Start of Provided material

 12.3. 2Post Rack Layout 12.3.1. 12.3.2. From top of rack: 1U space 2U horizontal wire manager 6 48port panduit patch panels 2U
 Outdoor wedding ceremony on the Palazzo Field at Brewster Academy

End of Provided material
Start of Provided material

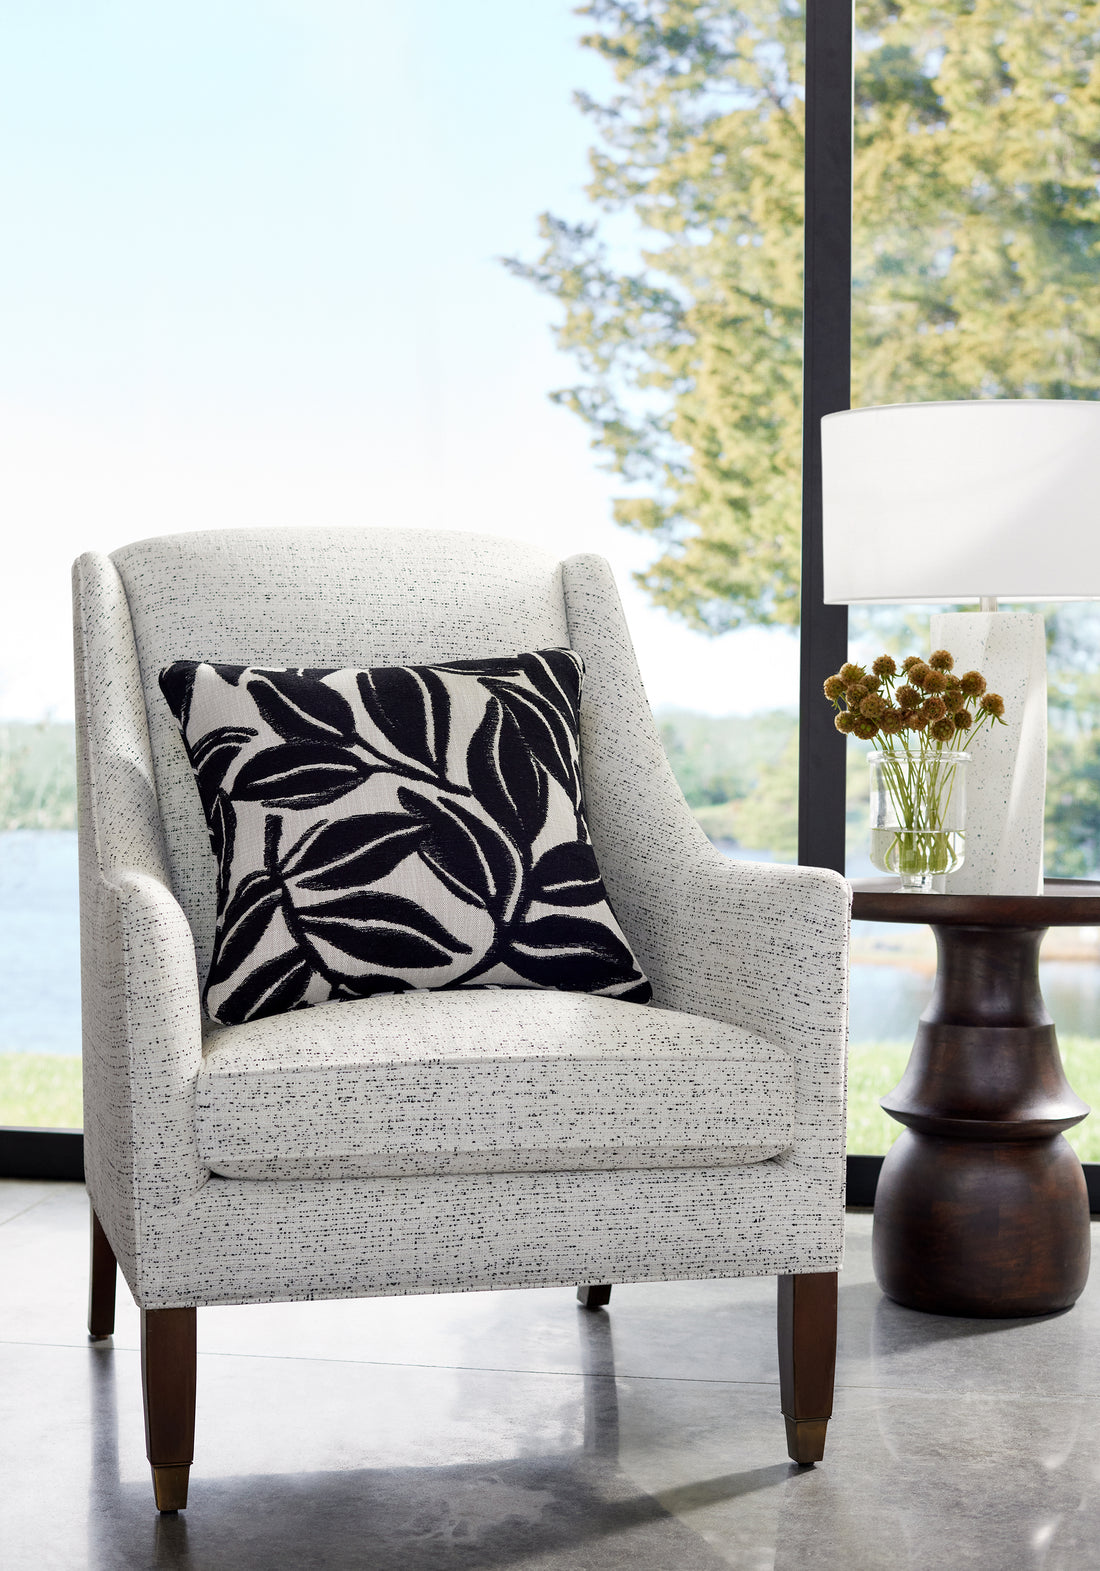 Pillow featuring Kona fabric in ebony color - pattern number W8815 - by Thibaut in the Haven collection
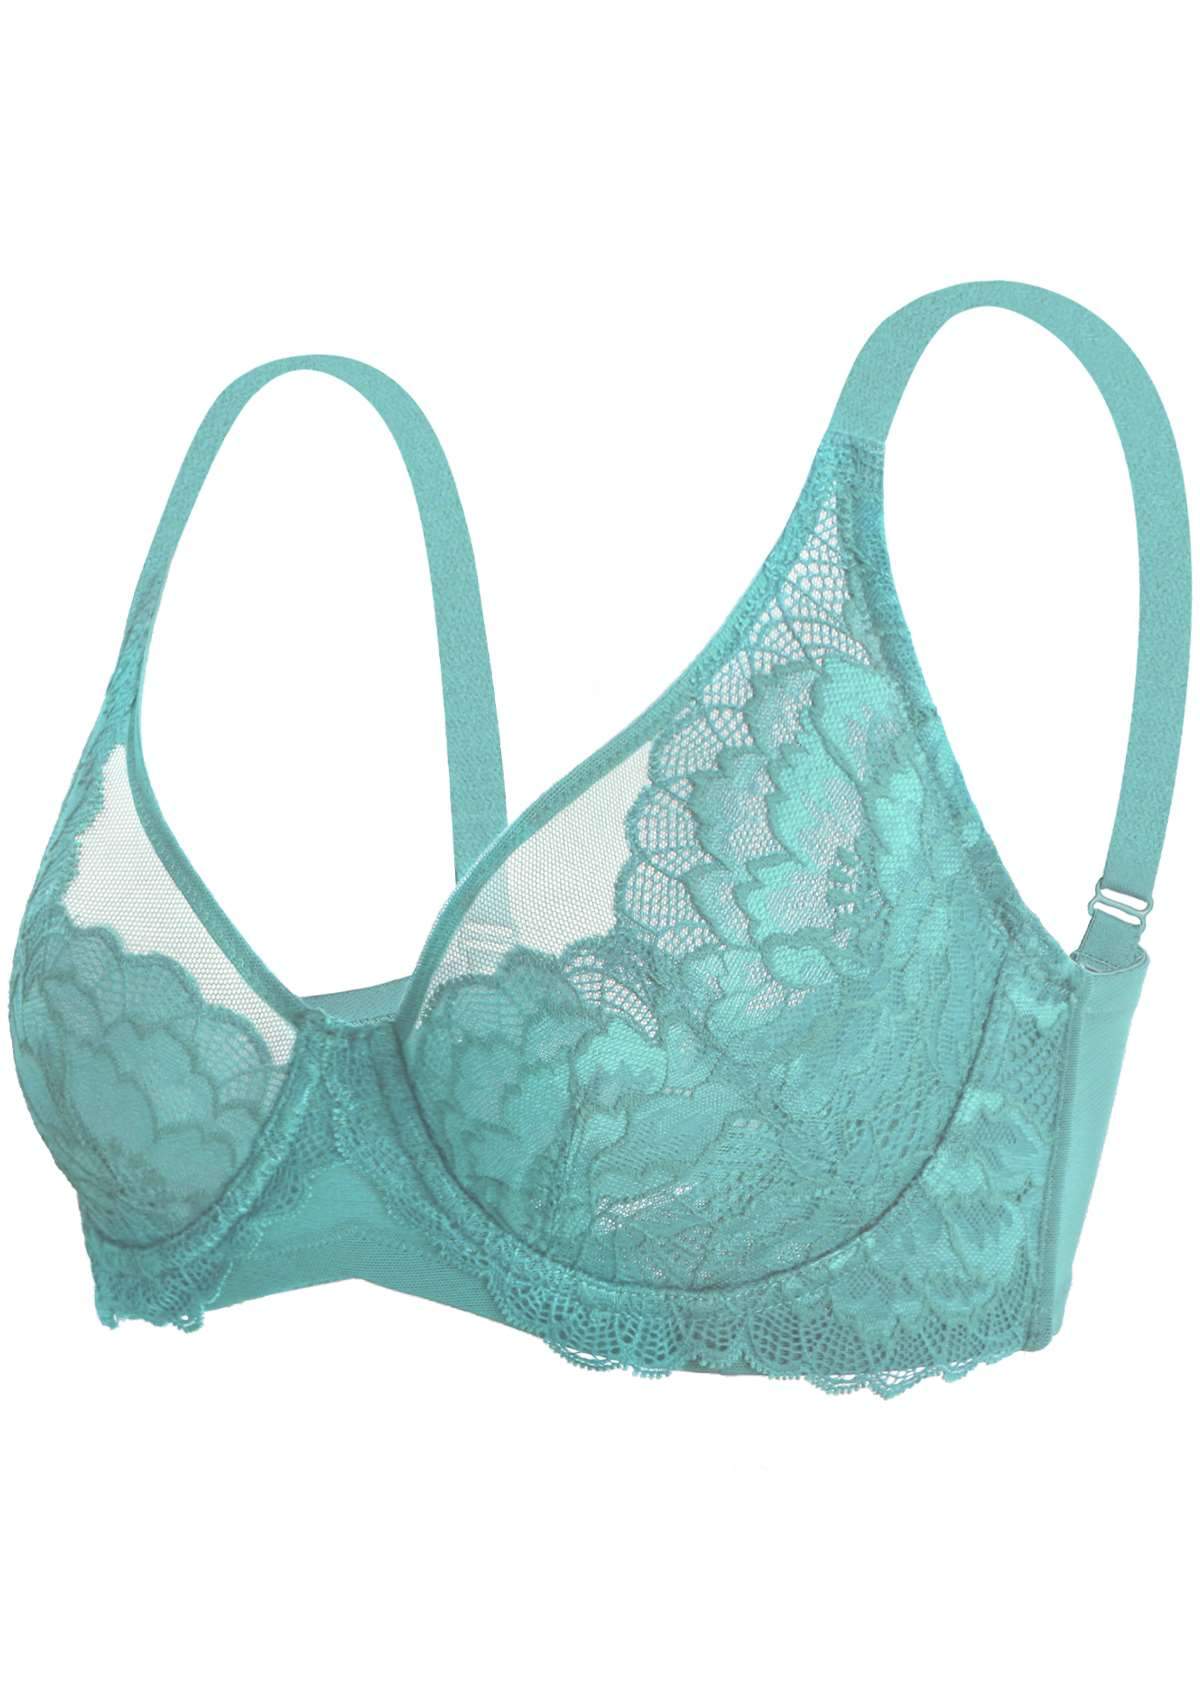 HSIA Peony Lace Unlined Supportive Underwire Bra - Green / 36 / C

End of Provided material

Set the pictures aside and transcribe exactly the stretch of lines above, beginning with the one holding "Pillow featuring Kona" and ending with the one holding "HSIA Peony Lace".

→ **Answer section**:
 Pillow featuring Kona fabric in ebony color - pattern number W8815 - by Thibaut in the Haven collection
 HSIA Peony Lace Unlined Supportive Underwire Bra - Green / 36 / C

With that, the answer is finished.